As my learned brother, Mr. Justice Dhavan, has shown in his erudite article on the "Indian Judicial System", published in the Centenary Commemoration Volume I, India has the oldest judiciary in the world, and no other judicial system has a more ancient or exalted pedigree. He has demonstrated that ancient India had the highest standard in antiquity as regards the ability, learning, integrity, impartiality, and independence of the judiciary, and these standards have not been surpassed till today, that (in the words of one of the great jurists of ancient India, Katyayana) "the Judges were independent and subject only to law", that the fundamental duty of the Court was to do justice without fear or favour, and that the Indian judiciary consisted of a hierarchy of Judges with the Court of the Chief Justice (Praad-Vivaaka) at the top. In the words of an Englishman, Dr. Spellman, "in some respects the judicial system of ancient India was theoretically in advance of the English system of today". Therefore, it would be wrong to think that we are merely celebrating the Centenary of a Court established by the British Government in India. This is really an occasion to remember and ponder over our own judicial traditions, which are much older than those of the British or any other judicial system in existence today."

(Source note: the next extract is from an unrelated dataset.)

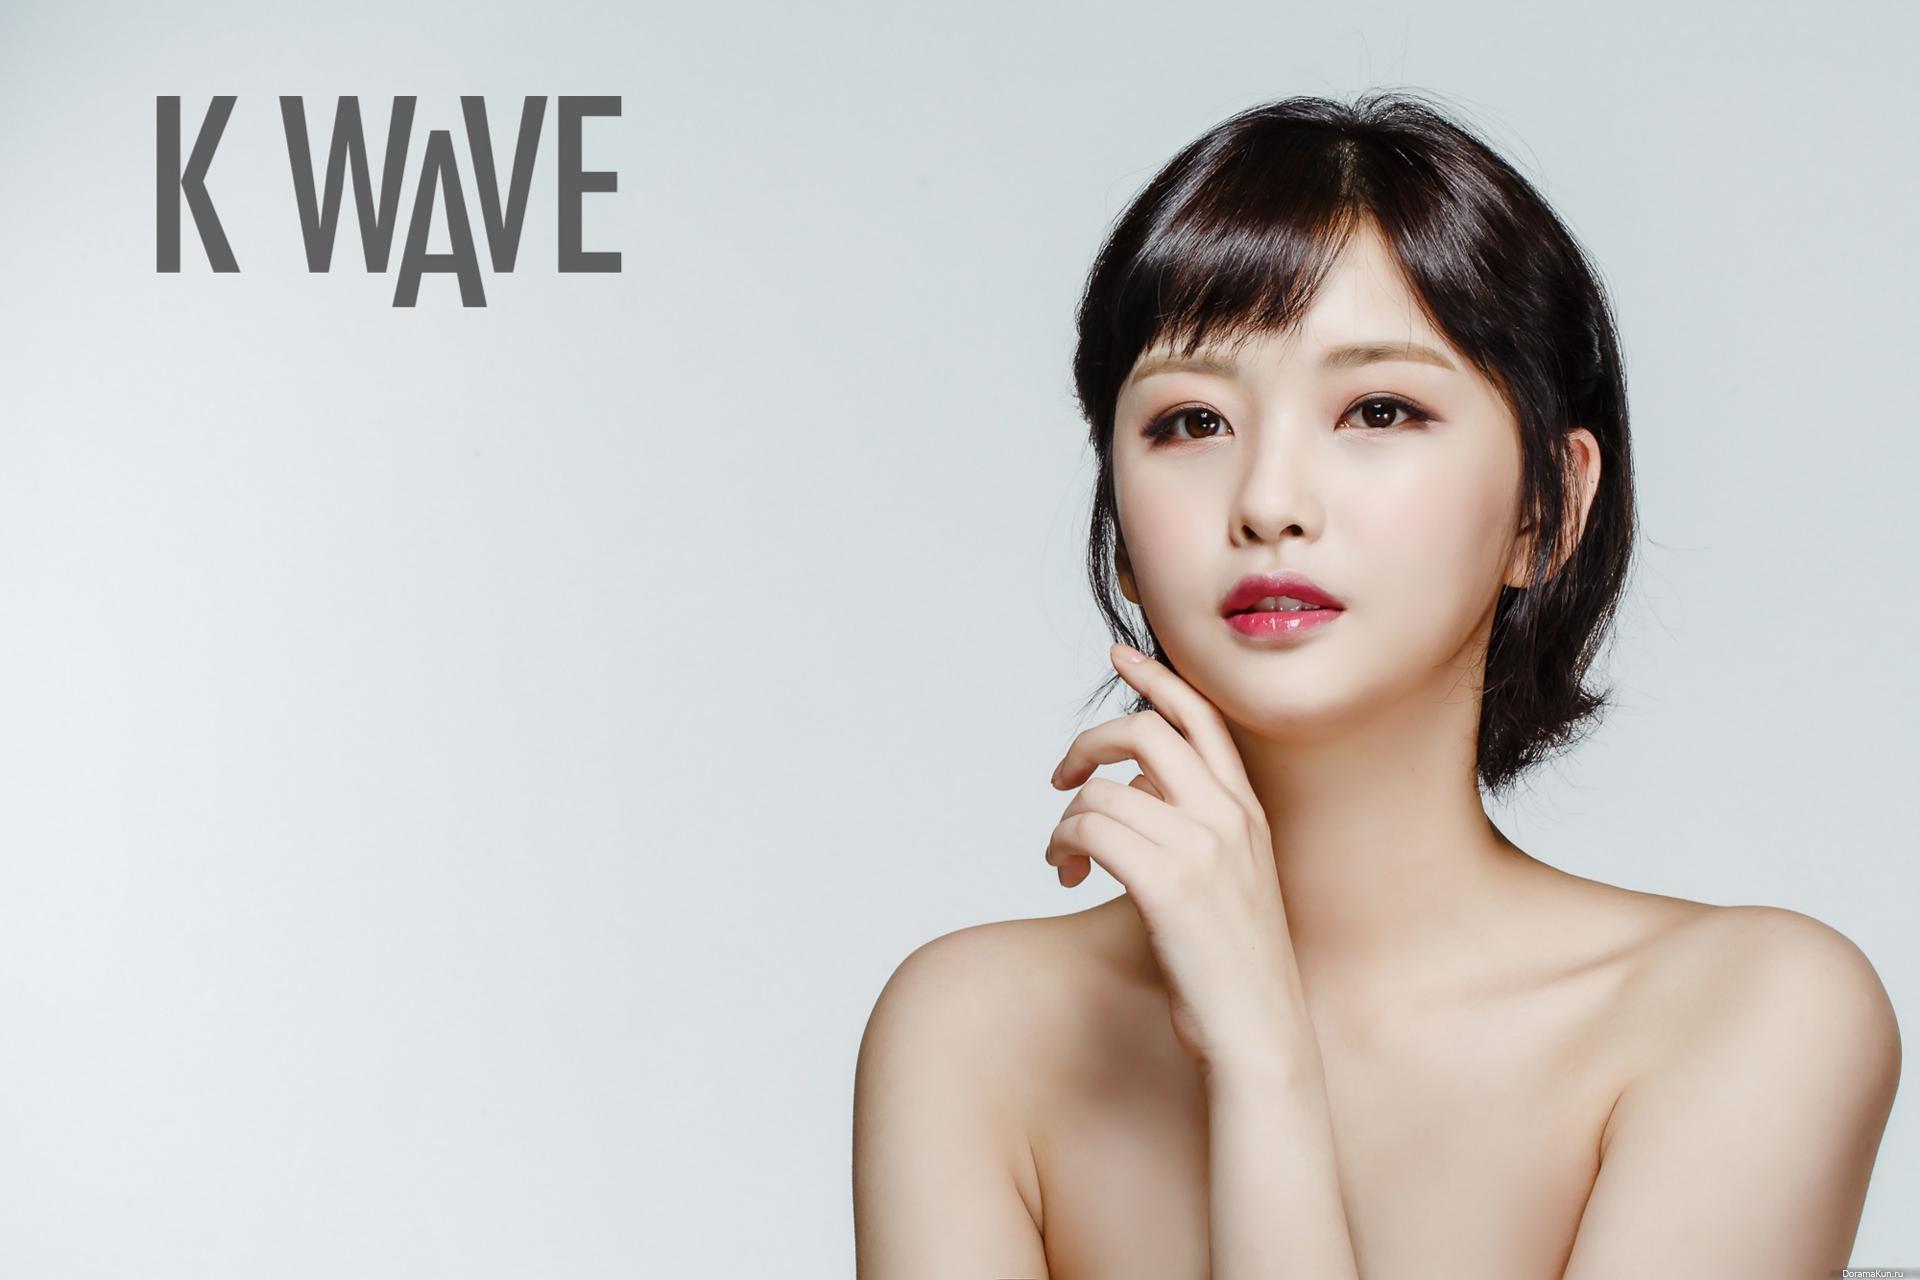 Go Mal Suk для K Wave January 2016 Фотосессии

To celebrate is to perform publicly with solemnity. It is a ceremonious honour to commemorate an achievement in civilization, particularly an event that marks the beginning of an era. It is a ceremony of keeping in remembrance and in this case, what has been achieved in the field of law and dispensation of justice in the past 150 years.
Long cherished fundamental principles of law and customs for effective dispensation of justice that have been evolved with passage of time and have received acceptance in modern times is a testimony to the principle, "Time consecrates and what is gray with age becomes religion". The passage of 150 years is being celebrated for such achievements and not to remember alien rule. It is not the antiquity of British Sovereignty or suzerainty over natives that calls for rejoicing but the growth of social development and wider human approach through an effective Judicial System that deserves celebration.

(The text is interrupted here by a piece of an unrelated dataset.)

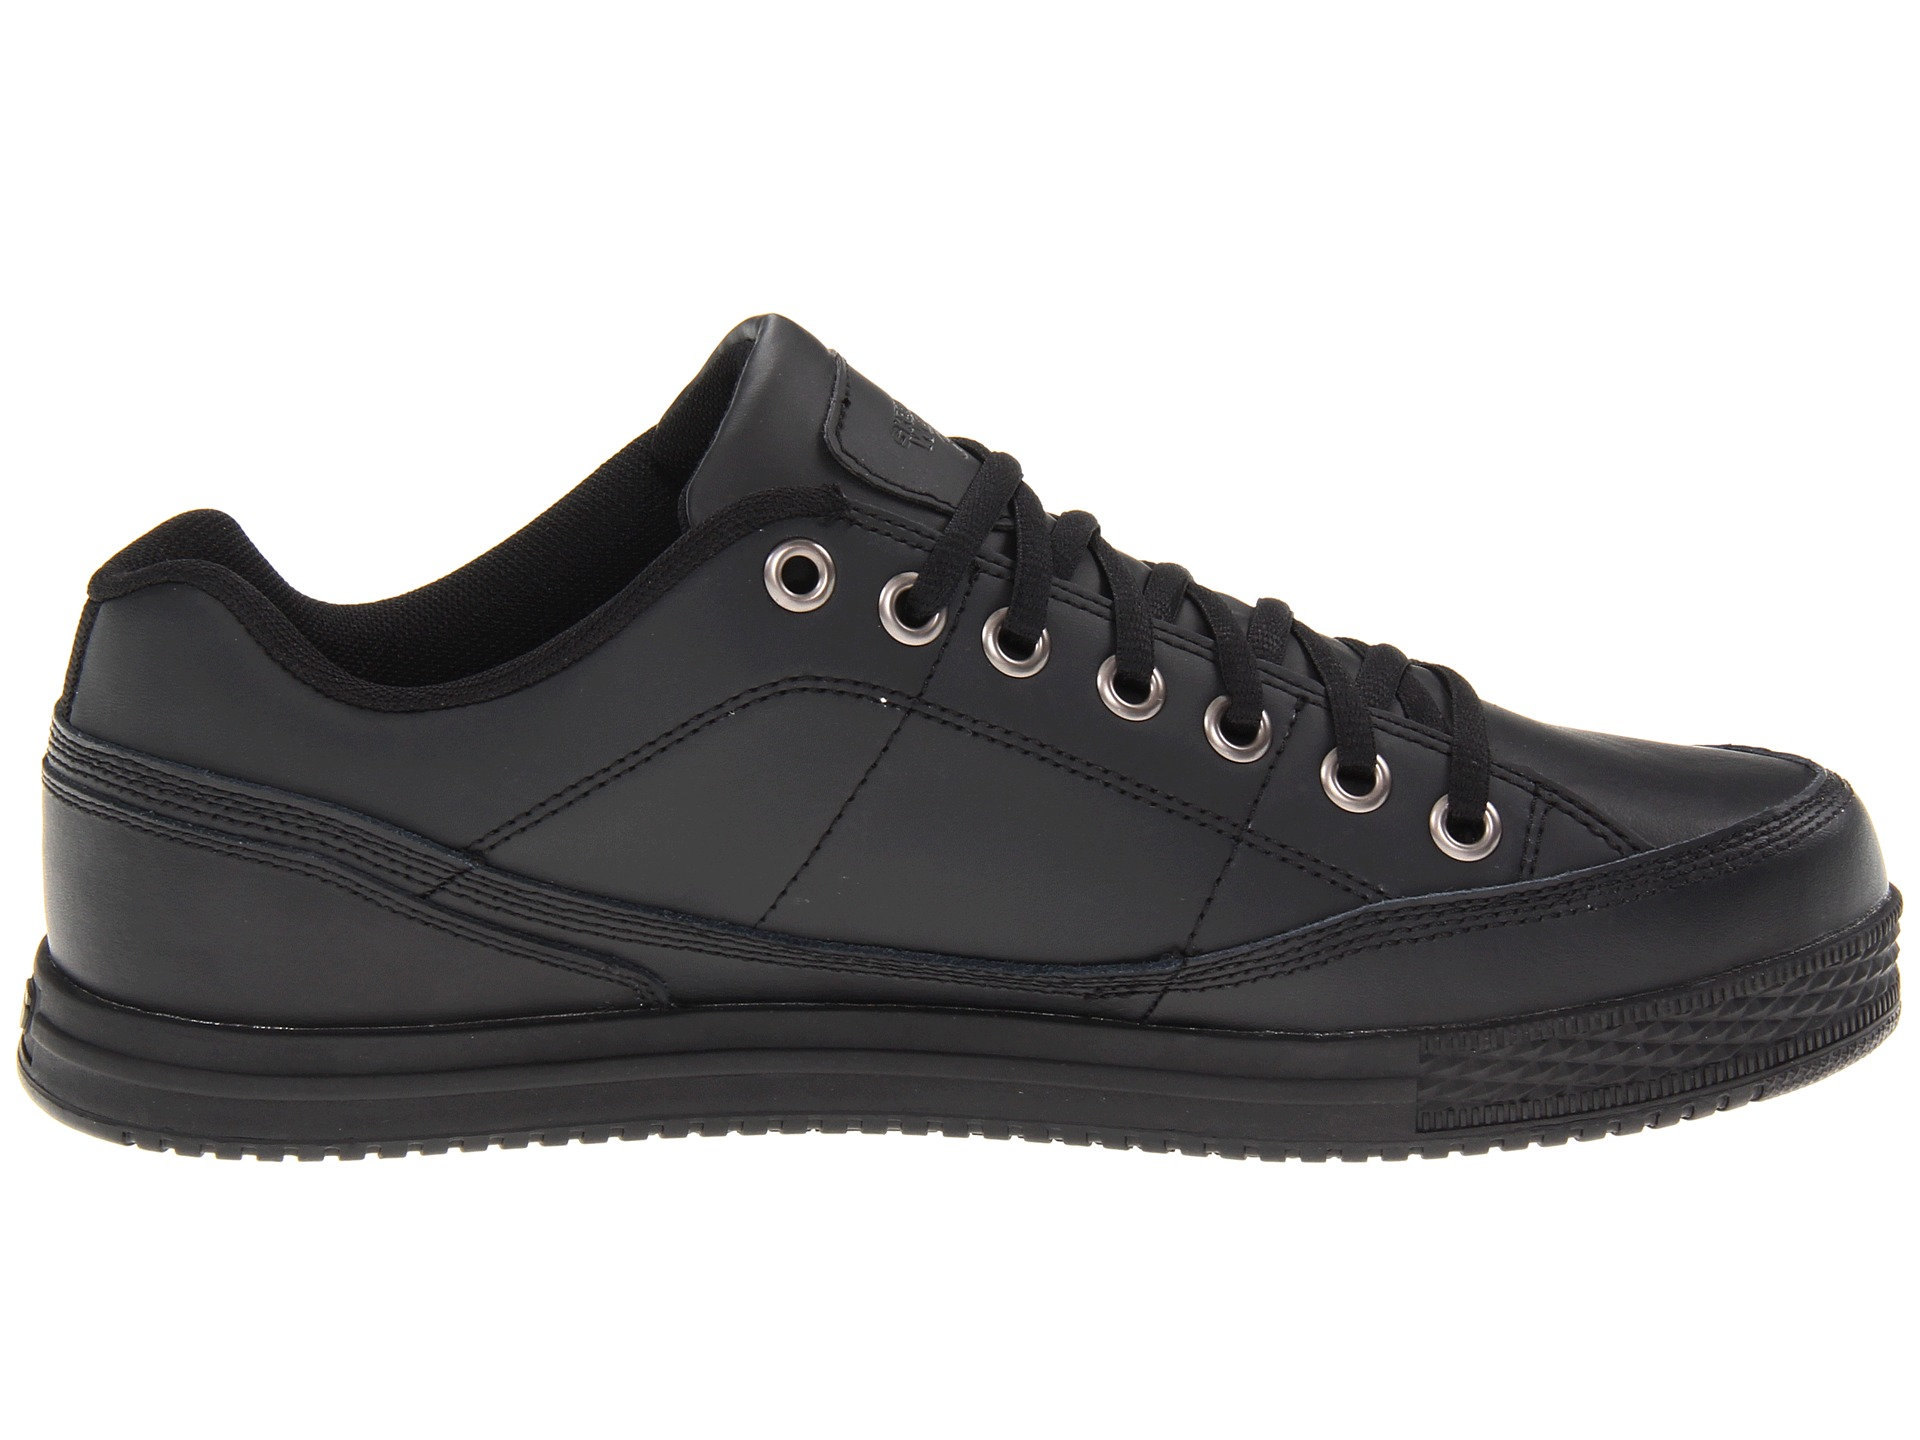 skechers work lace up slip resistant sneaker zappos

This is not an astrological festival but it celebrates the true essentials of a judicial journey and progress in law. It is a steady gain and not a painful loss. Harsh and brutal systems generally give way to gentle ones.
Let us add that we are celebrating time refinement and exposition of law, better than those of our erstwhile rulers. We should not turn our celebrations to recall the unimportant part of history that dismays us.
Having said so, we would like to emphasize and advice the petitioner that it is true that the right to reason and think is a natural right and a person has a right to think freely and express himself which also includes a right to dissent or have an opposite opinion which may be different and diverse. But at the same time, we would like to mention, what a contemporary religious Philosopher Wayne W. Dyer has said --
"if you change the way you look at things The things you look at, change"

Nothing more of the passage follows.